The systemic risk of the subsidy model

This price crisis reflects the deeper structural contradictions in the AI industry. Investor Tommy Shaughnessy wrote a post on social media, systematically analyzing what he sees as "the most obvious collapse route of AI."

He points out that the fixed fees for seat subscriptions have long been heavily subsidized and are far below the actual costs for heavy use. Once companies switch to API calls for reasons such as data protection, compliance approval, etc., they will be confronted with the real prices of usage-based billing, and the actual usage rates are often much higher than previously expected. He cited several cases to support this trend, including that Uber exhausted its entire annual AI budget in just four months in 2026.

Shaughnessy also points out that the profit margin of large AI companies is currently strongly negative - it is reported that OpenAI's profit margin is close to -122%. This means that they are completely dependent on external capital sources to buy GPUs, train models, and continue to subsidize usage. He believes that once investors doubt the expected returns, the entire capital flow system is at risk of reversal.

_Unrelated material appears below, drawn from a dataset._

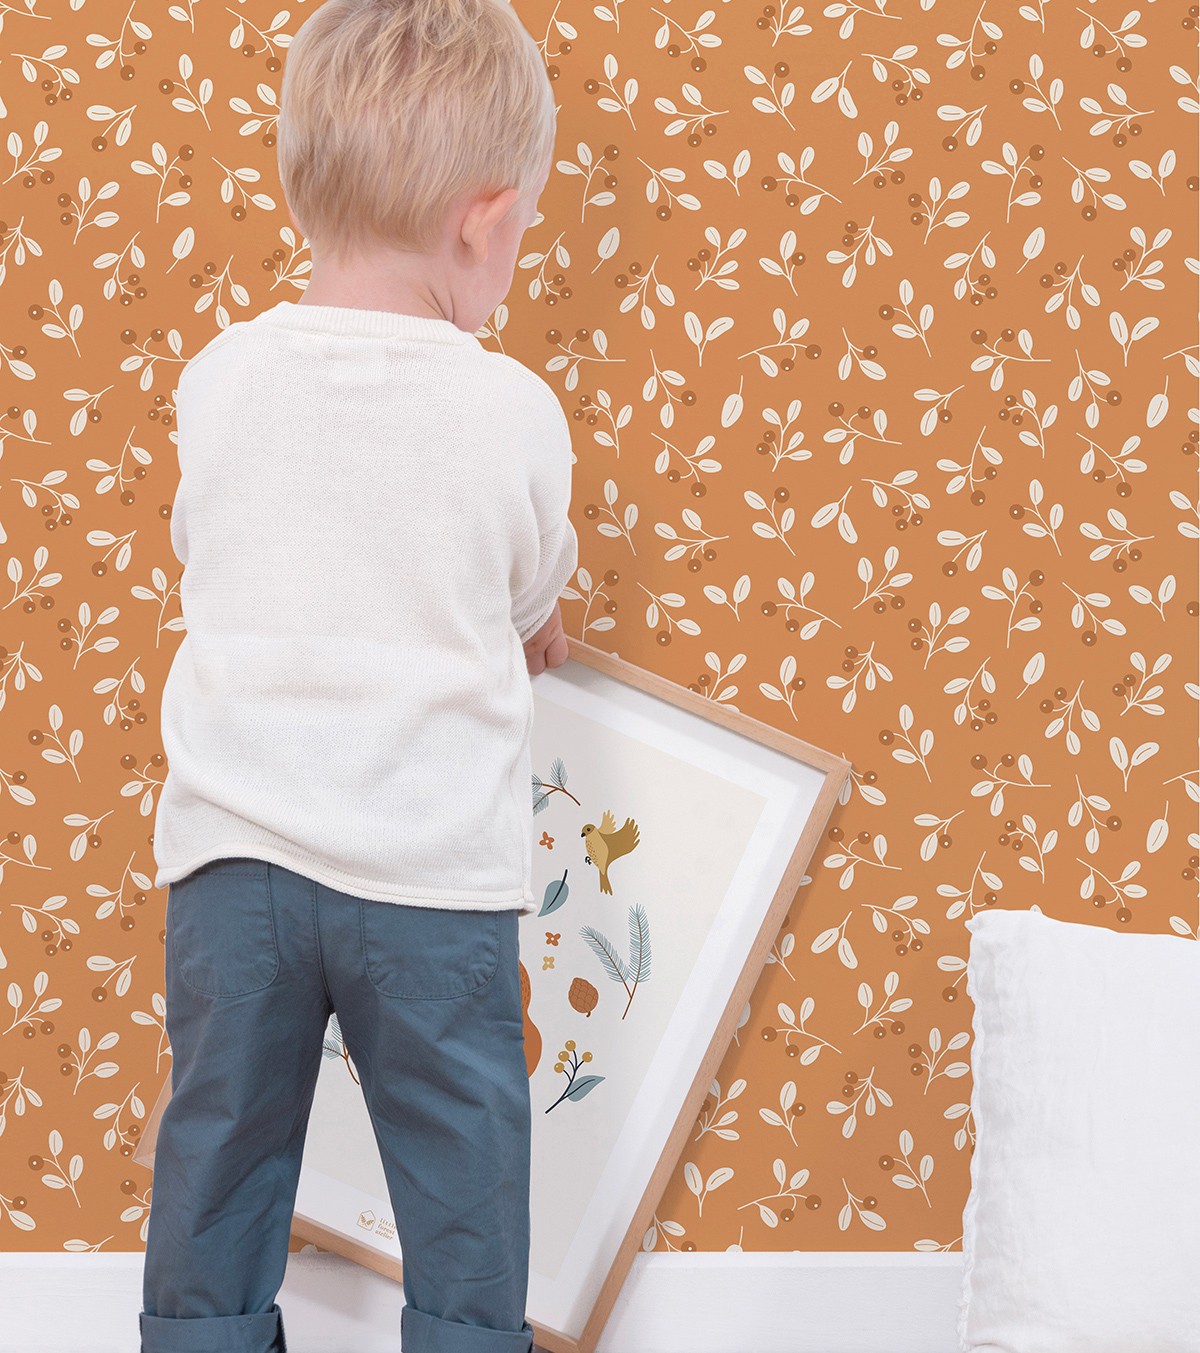 JÖRO - Children's wallpaper - Bay and leaf motif

However, he also points out the limitations of this logic: If AI actually brings about the development of new drugs or completely new business models, users' willingness to pay for expensive AI services will increase significantly, and the above pressure may then ease.

03

The leader of Coinbase: Cheap models will dominate the future

In the face of the continuous increase in computing power costs, Brian Armstrong, the leader of Coinbase, has given his evaluation framework. He believes that the demand for intelligence is almost unlimited, but the market will quickly differentiate: 80% of the workload will be shifted to models with 99% lower costs within 12 to 18 months, and the remaining 20% of tasks that place the most demanding requirements on the intelligence limit - such as scientific breakthroughs and high-level agent coordination - will still run on the latest generations of advanced models.

Armstrong compares this trend to the consumer electronics market: The number of users who buy the top model of a MacBook or a gaming PC always remains small, and the price decline in the AI industry is even faster than Moore's Law. From this, he concludes that the real limitations in the future will be energy and computing power, not the capabilities of the models themselves.

Armstrong has also revealed Coinbase's internal practice: The company is actively implementing a prompt forwarding strategy to distribute requests to cheaper models. In some scenarios, the overall cost base has remained almost the same, while token usage continues to increase exponentially.

04

Open, small models: Empirical evidence for a future world with multiple models

Clement Delangue, the leader of Hugging Face, cited the research data of Stanford University to provide a quantitative basis for the substitution potential of cheap models: The accuracy of local models in real dialog and inference queries has increased from 23.2% in 2023 to 71.3%, and both the costs and energy consumption are only a fraction of those of advanced APIs.

From this, Delangue derives the assessment of a "future with multiple models": For most workloads, local, open, small, and cheap models will be the preferred choice; only when there is no other option will it be necessary to call advanced APIs.

Shaughnessy's analysis is in line with this idea. He points out that DeepSeek V4 achieves similar results to Anthropic Claude Opus in the SWE - bench programming benchmarks, but the price is only about one - thirtieth of it; the price of the cheapest open model is even only about one - hundredth. He believes that the continuous release of advanced models by Chinese laboratories enables inference service providers to obtain the most important model costs for free, which fundamentally suppresses the pricing policies and profit prospects of large closed - source AI companies.

This article is from the WeChat account "Hard AI", author: Zhao Ying, editor: Hard AI. Published by 36Kr with permission.